Между тем Теодор, целуя руку старостины, чтобы еще более умилостивить ее, тихо сказал:

– Я рассчитываю на вас, пани старостина!

Подали к столу, и счастливая вдова подала руку своему спасителю, потому что никого больше в этот день не было. Пока они шли в столовую, она подумала немного и шепнула ему что-то на ухо.

Лелю смешило кокетство тетки, но генеральша начинала не на шутку беспокоится.

– Кто знает? – рассуждала она про себя. – Может быть, юноша рассчитал, какие доходы приносит сестрице ее имение, и собирается вскружить ей голову? Что же? Разве не бывало таких браков?

Для генеральши страшнее всего была мысль, что кто-нибудь может отнять у нее ее дорогую сестрицу и лишить ее права на наследство.

Она мерила Теодора суровым взглядом, а у того было такое счастливое, веселое, сияющее лицо, что, действительно, можно было испугаться. Судьба была к нему чрезвычайно милостива.

Леля тоже смотрела на них, силясь отгадать: какая таинственная причина могла связать общей радостью тетку и Теодора. Для нее это было необъяснимой тайной, потому что не могла же она допустить, что Теодор объяснился тетке и получил согласие.

За обедом шел разговор о том, кто приехал, где остановился, из кого состоял двор примаса, кто из кастелянов играл при нем роль маршала, какие вести шли из Дрездена и т.д. Как только обед кончился, бедная генеральша тотчас же отвела сестру в сторону для секретного разговора, а Леля воспользовалась этим, чтобы подойти к Теодору.

– Можно вас поздравить? – спросила она.

– Не знаю, с чем!

Леля подошла еще ближе.

– Вы объяснились старостине?
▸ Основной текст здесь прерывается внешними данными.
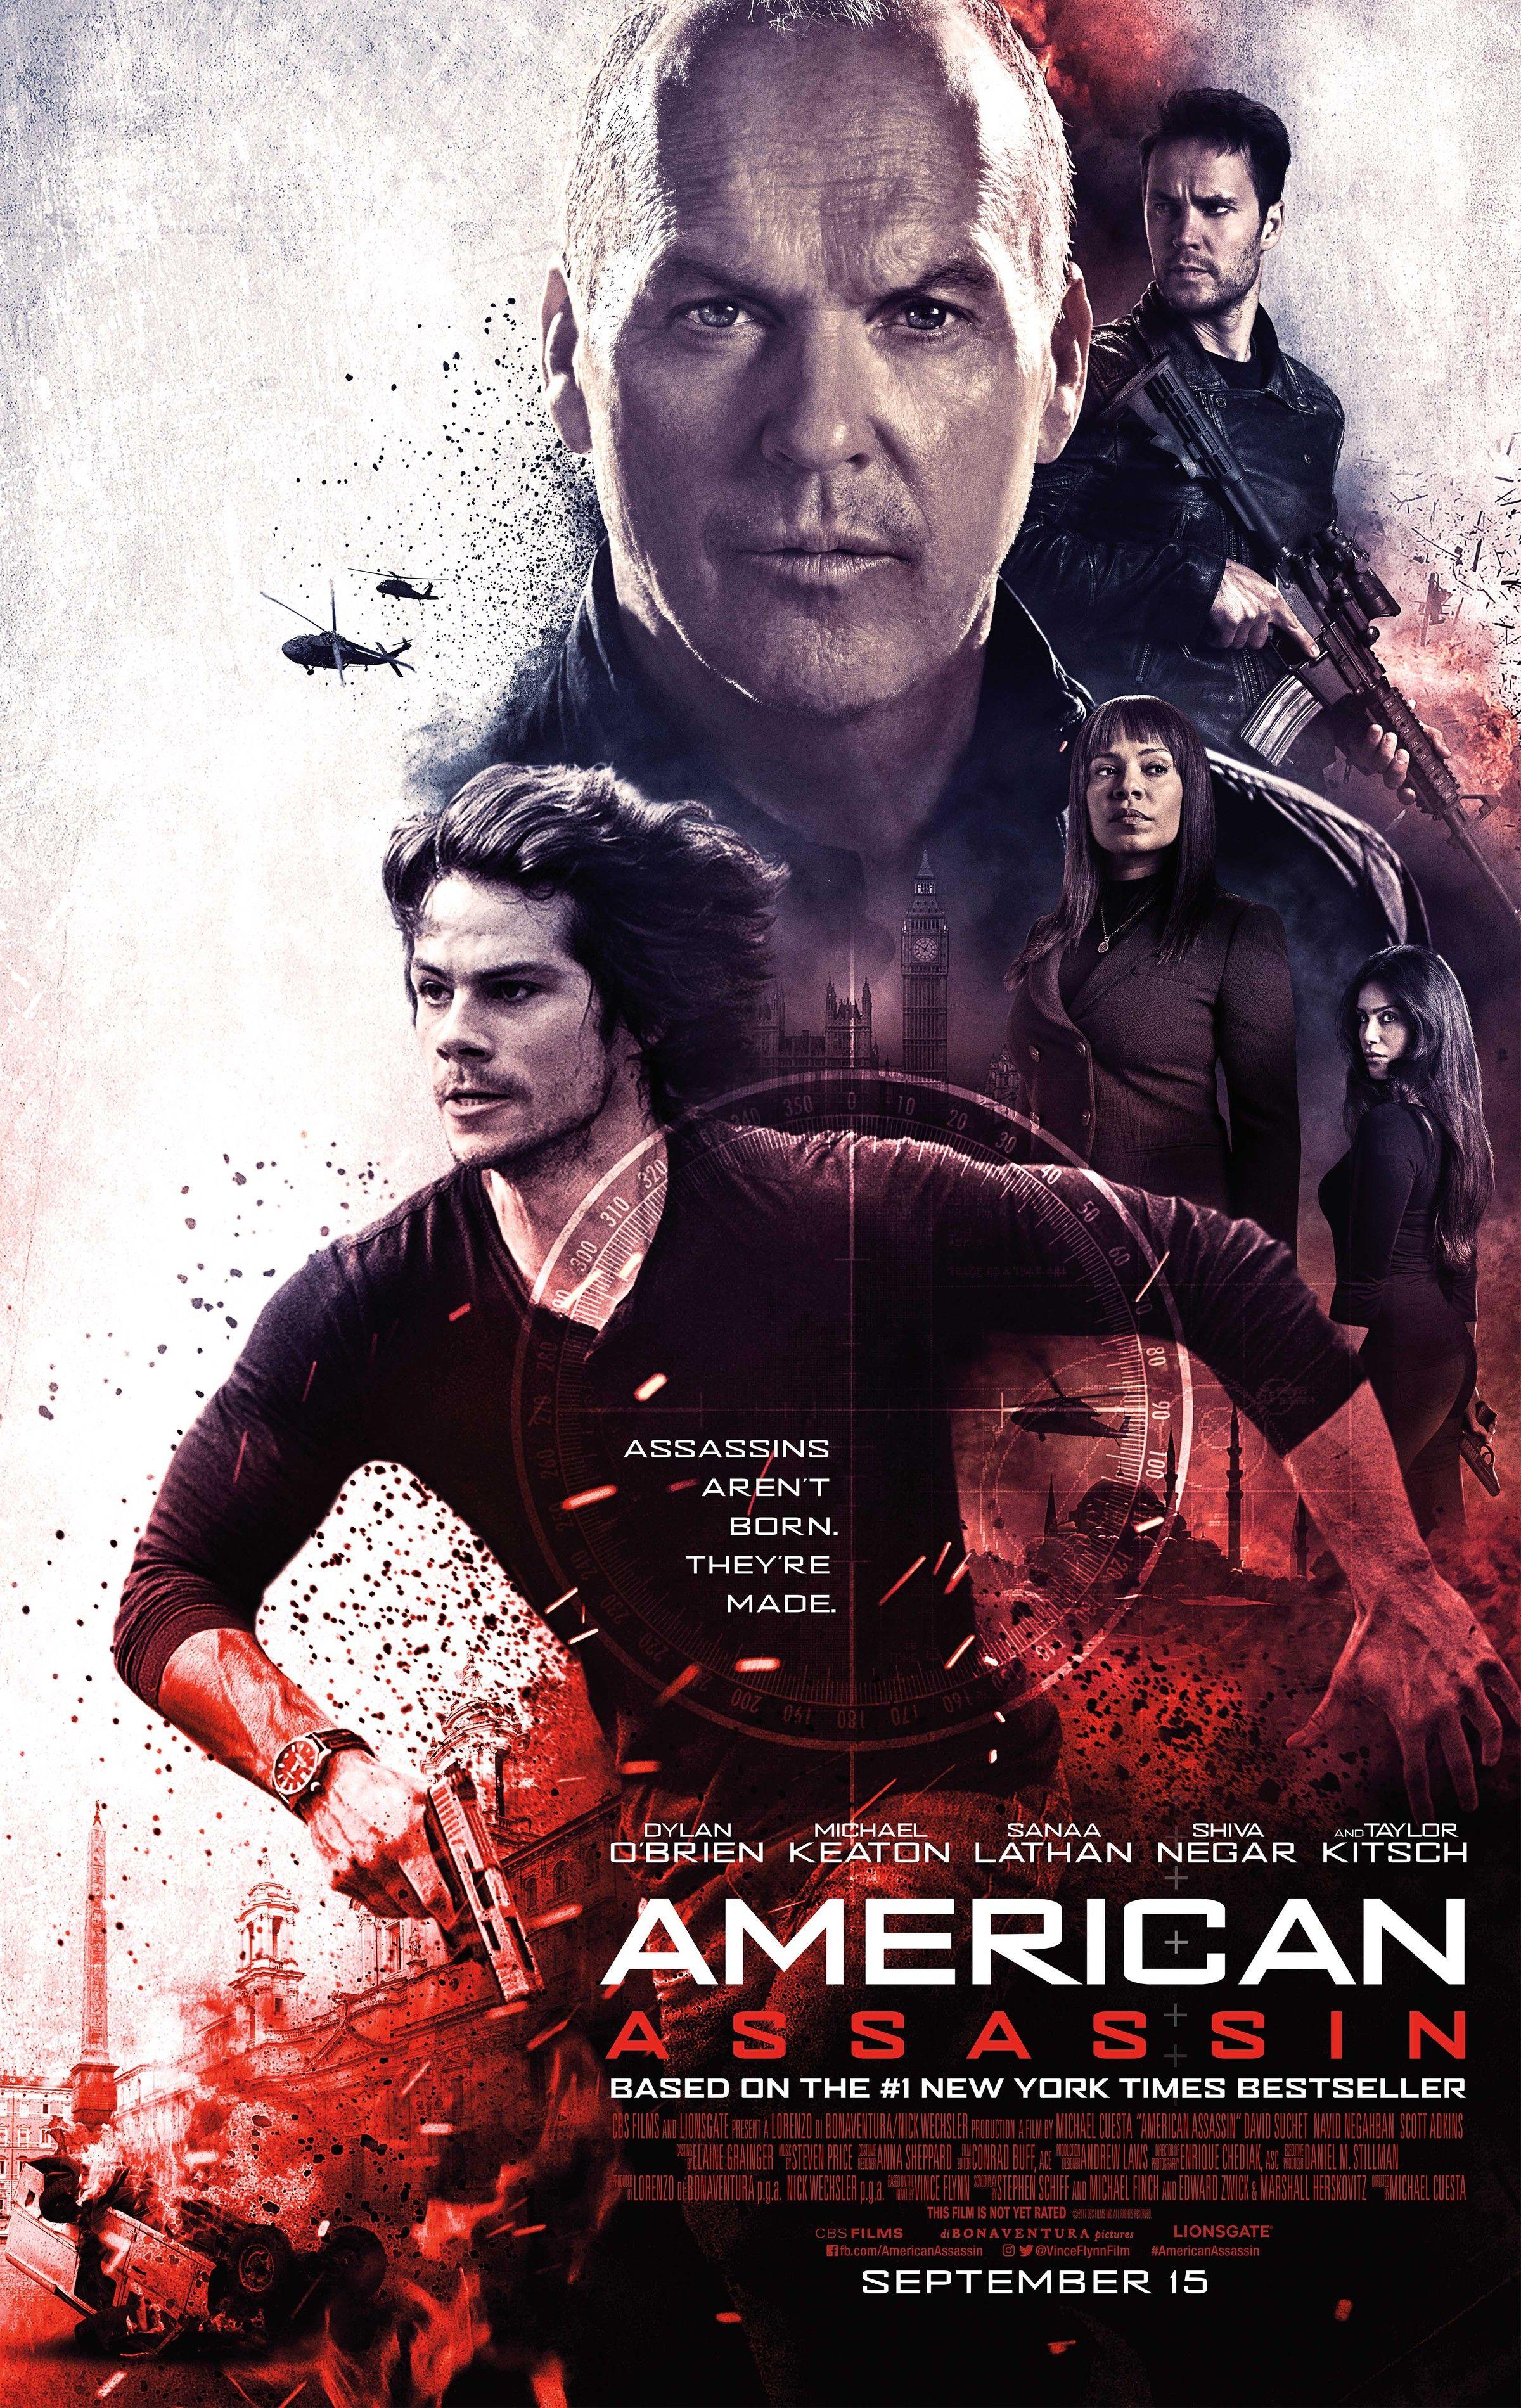 386-americanassassin_poster.jpg

Она согласна? А когда обручение? С удовольствием потанцевала бы на свадьбе.

Теодор улыбнулся.

– Благодарю вас за счастливую мысль и за участие ко мне.
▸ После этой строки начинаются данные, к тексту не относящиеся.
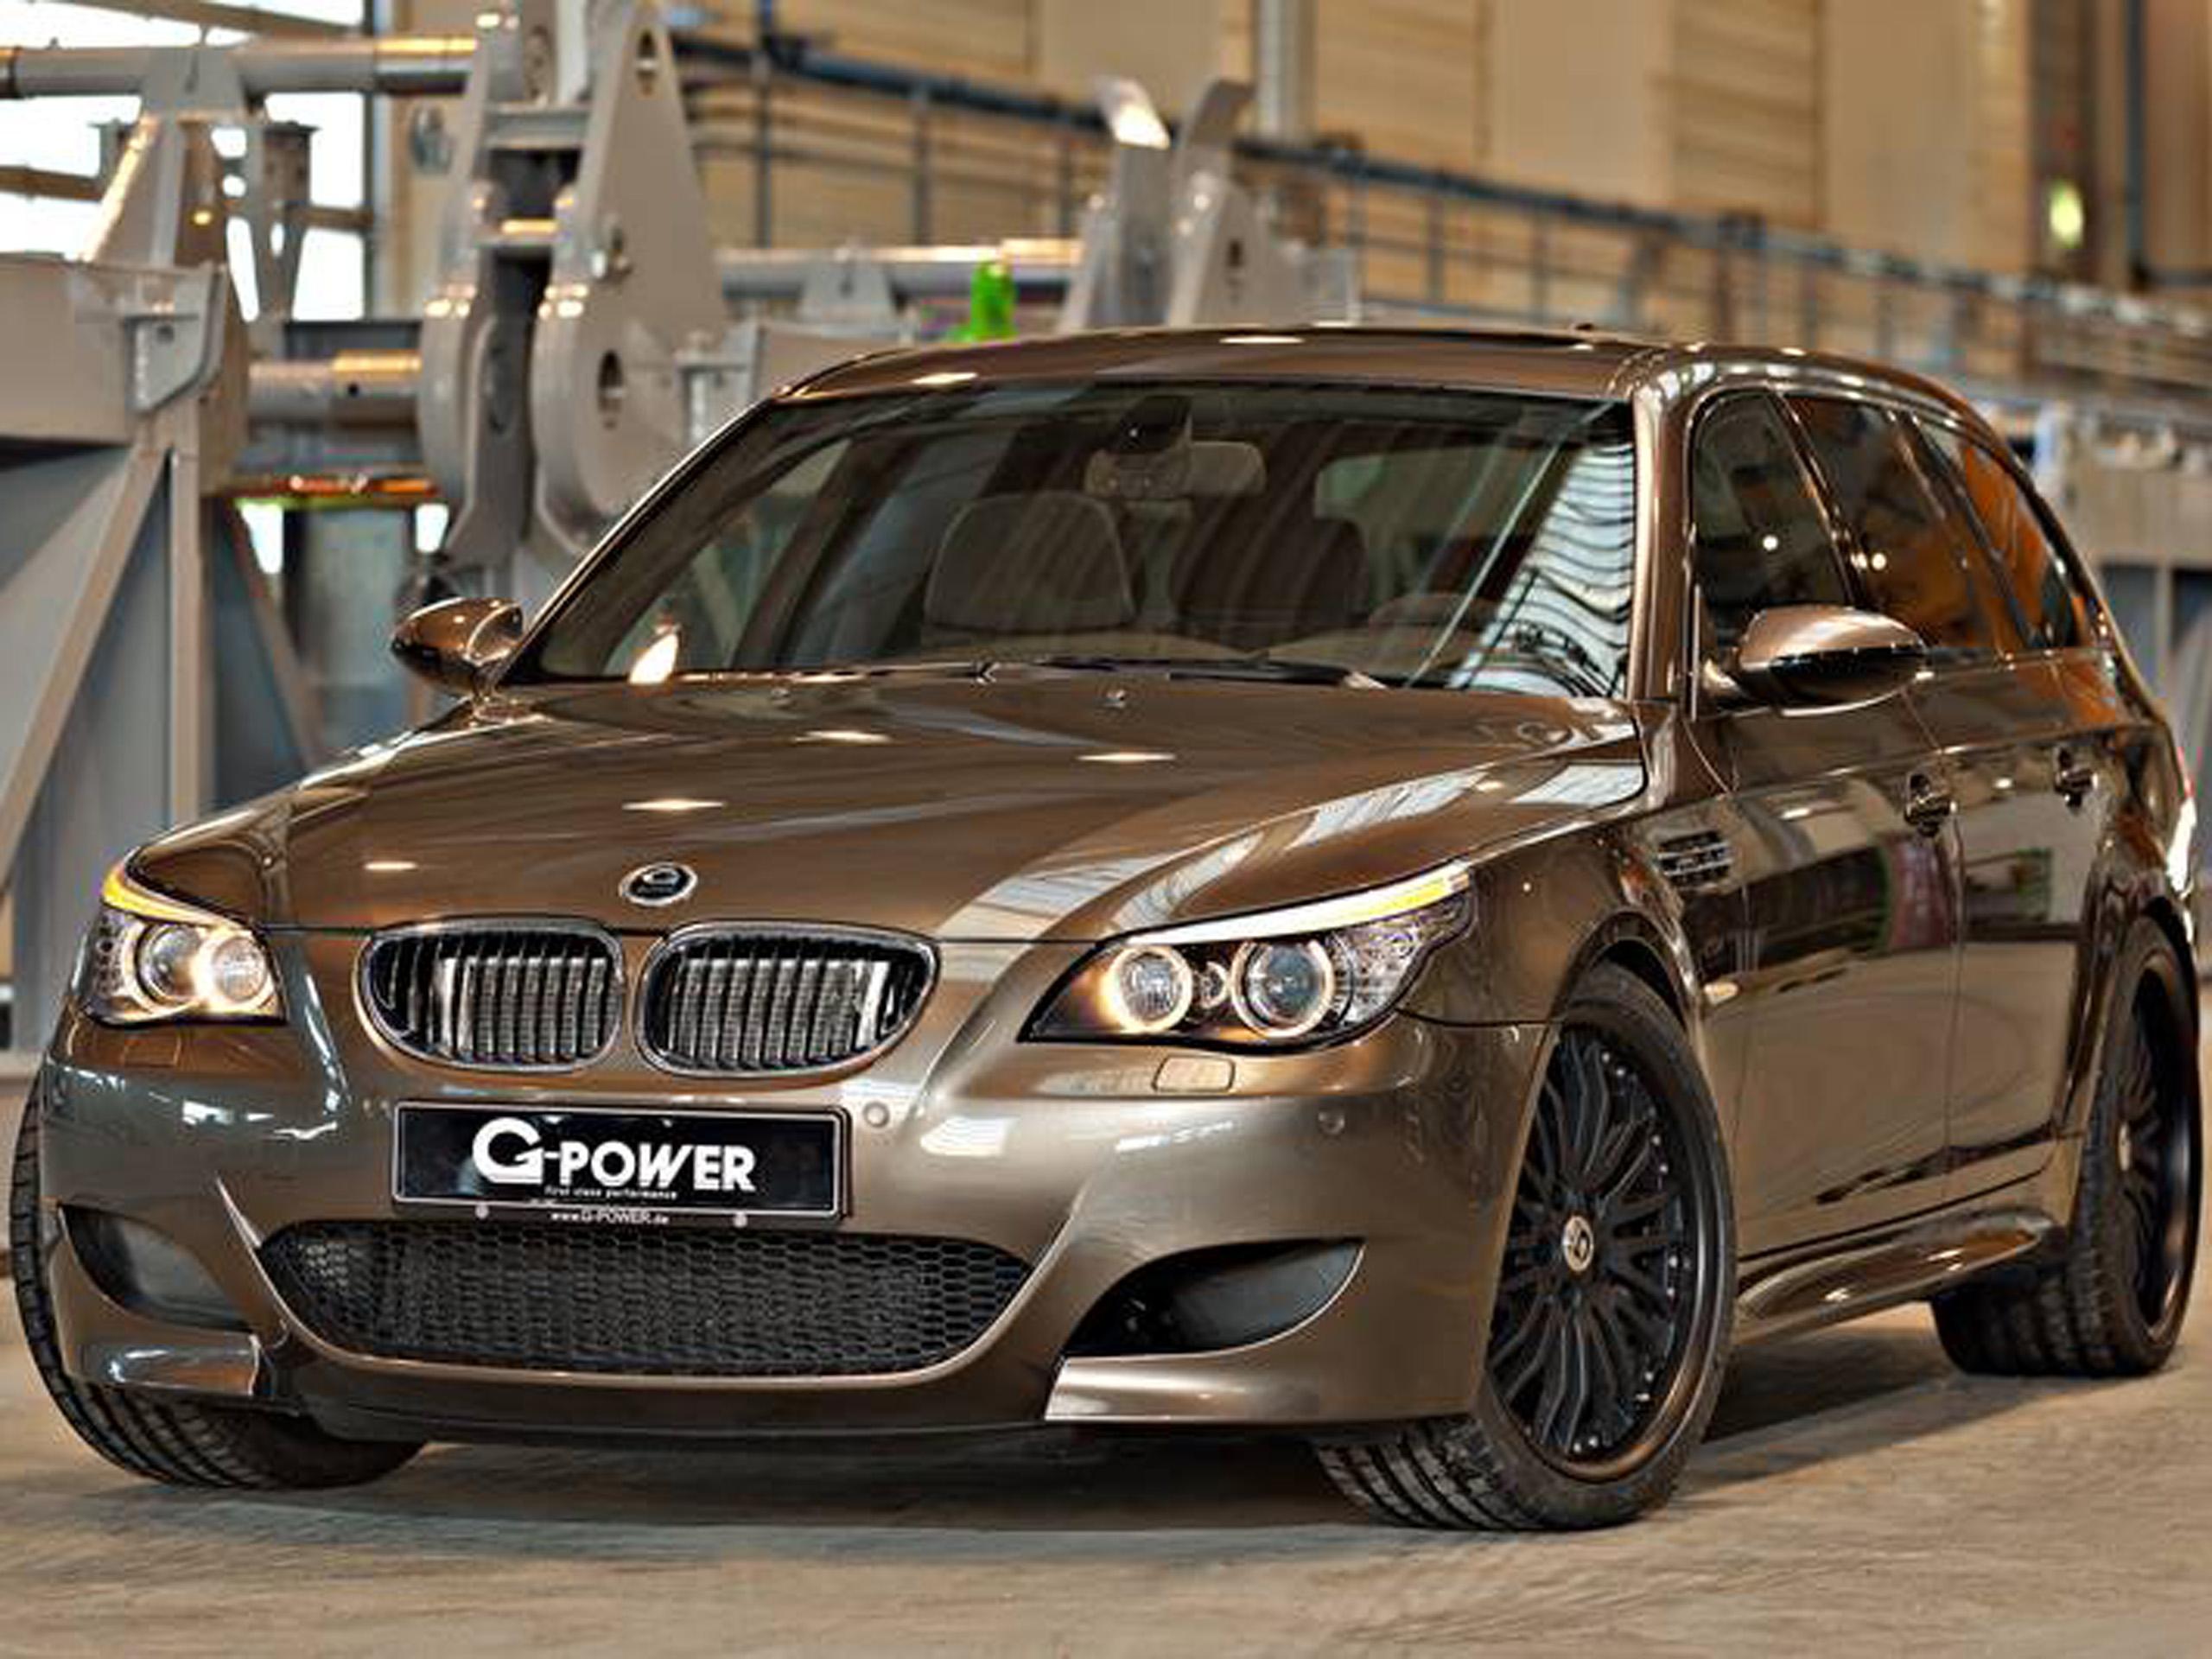 Bmw M5 Hurricane Rr Tuning Von G Power Autozeitung De

И он серьезно поклонился ей. Леля смутилась.

– Но ведь так всегда бывает, – прибавила она. – Во всех романах, которые вы читали, и которых вы не читали, – всегда тот, кто спасает героиню из воды, или огня, или над берегом пропасти, непременно должен жениться на ней. Значит, и вы обязаны это сделать!!

– А если бы я спас генеральшу, у которой есть муж? – спросил Теодор. – Тогда вы должны были бы, по крайней мере, влюбиться в нее и умереть от любви, – отвечала Леля. – Другого выхода нет. Значит, вы видите, сударь, что я права.
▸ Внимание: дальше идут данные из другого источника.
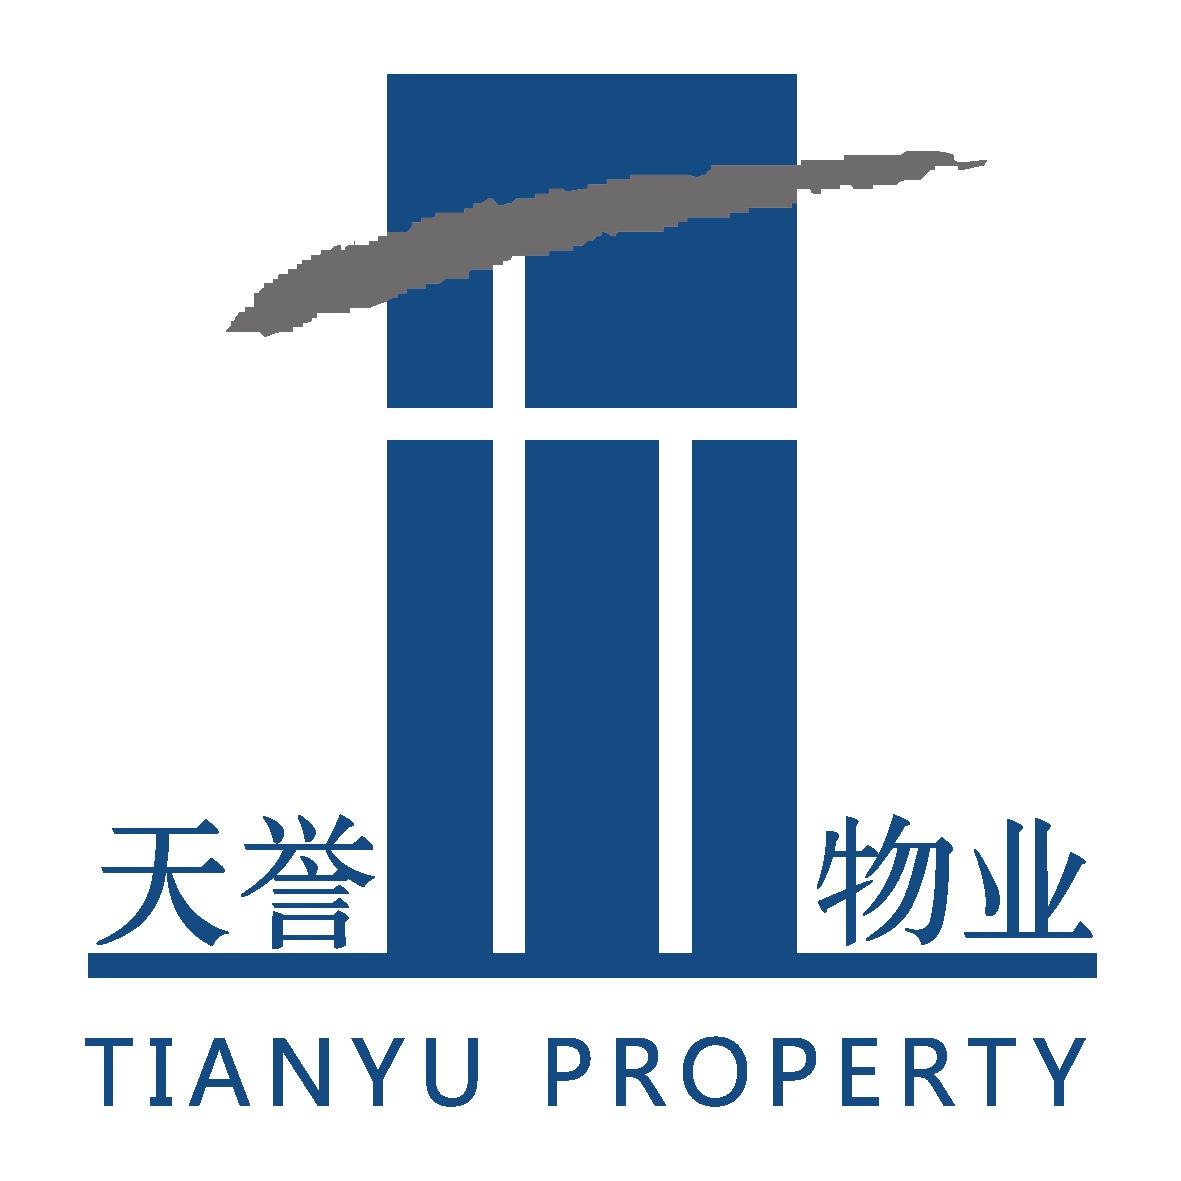 广州市天誉物业管理有限公司中山分公司_国际人才网_job001.cn

– Вижу, – весело сказал Теодор, – но клянусь вам, что, спасая вашу уважаемую тетушку, я сделал это для вас; значит, исходя из того, что…

– Ровно ничего из этого не следует, – вскричала Леля, – все это отговорка, а правды вы все-таки не говорите…

– Вы хотите, чтобы я вам все сказал? – сказал Теодор тоном неустрашимой уверенности в себе.

– И вовсе нет! Я и сама сумею отгадать правду, и никто меня не обманет…

Только скажите мне, потому что я страшно любопытна, о чем вы так таинственно шептались с тетей?

– Я могу торжественно заверить вас, что это не касается ни тети, ни вас, ни меня!!

– А кого же? Султана турецкого? – спросила Леля.

Теодор засмеялся, и на этом кончился разговор, потому что старостина подозвала к себе гостя, чтобы шепнуть ему на ухо, что скоро он получит от нее одно известие.

В чрезвычайно веселом настроении вышел Паклевский из дома на Старом Месте: судьба, очевидно, благоприятствовала ему. Он был уверен в том, что старостина, желая играть роль, устроит ему свидание с Млодзеевским, а, кроме того, и генеральская дочка очаровывала его своей веселостью, болтливостью и грацией беззаботной пташки. Теодор не мог бы сказать, что он влюбился в нее, но она не выходила у него из ума, и при одной мысли о ней сердце его билось учащенно, но слишком велико было расстояние между дочкой генерала и бедным шляхтичем Паклевским. Он мог болтать и смеяться с нею, мог без памяти влюбиться в нее, но просить ее руки – это уж было совершенно невозможно… Он вздохнул; девушка была прелестна, но самая ее ничем не омраченная веселость доказывала, что в сердце Лели не могло ужиться серьезное чувство.

Нечего было и думать об этом…

На следующий день вечером, вернувшись из города, он нашел у себя записочку старостины, пахнувшую ее духами. В записочке некрасивым почерком и с сомнительной орфографией было изложено краткое приглашение на обед –на завтра.

О Млодзеевском даже не упоминалось.

В назначенный час Паклевский явился к дамам, и хотя в обычное время он мало заботился о свое костюме, но теперь, сам не зная зачем, он несколько раз взглянул на себя в зеркало, поправил волосы, подтянул пояс и обчистил сапоги. Очень ему хотелось иметь изящный вид.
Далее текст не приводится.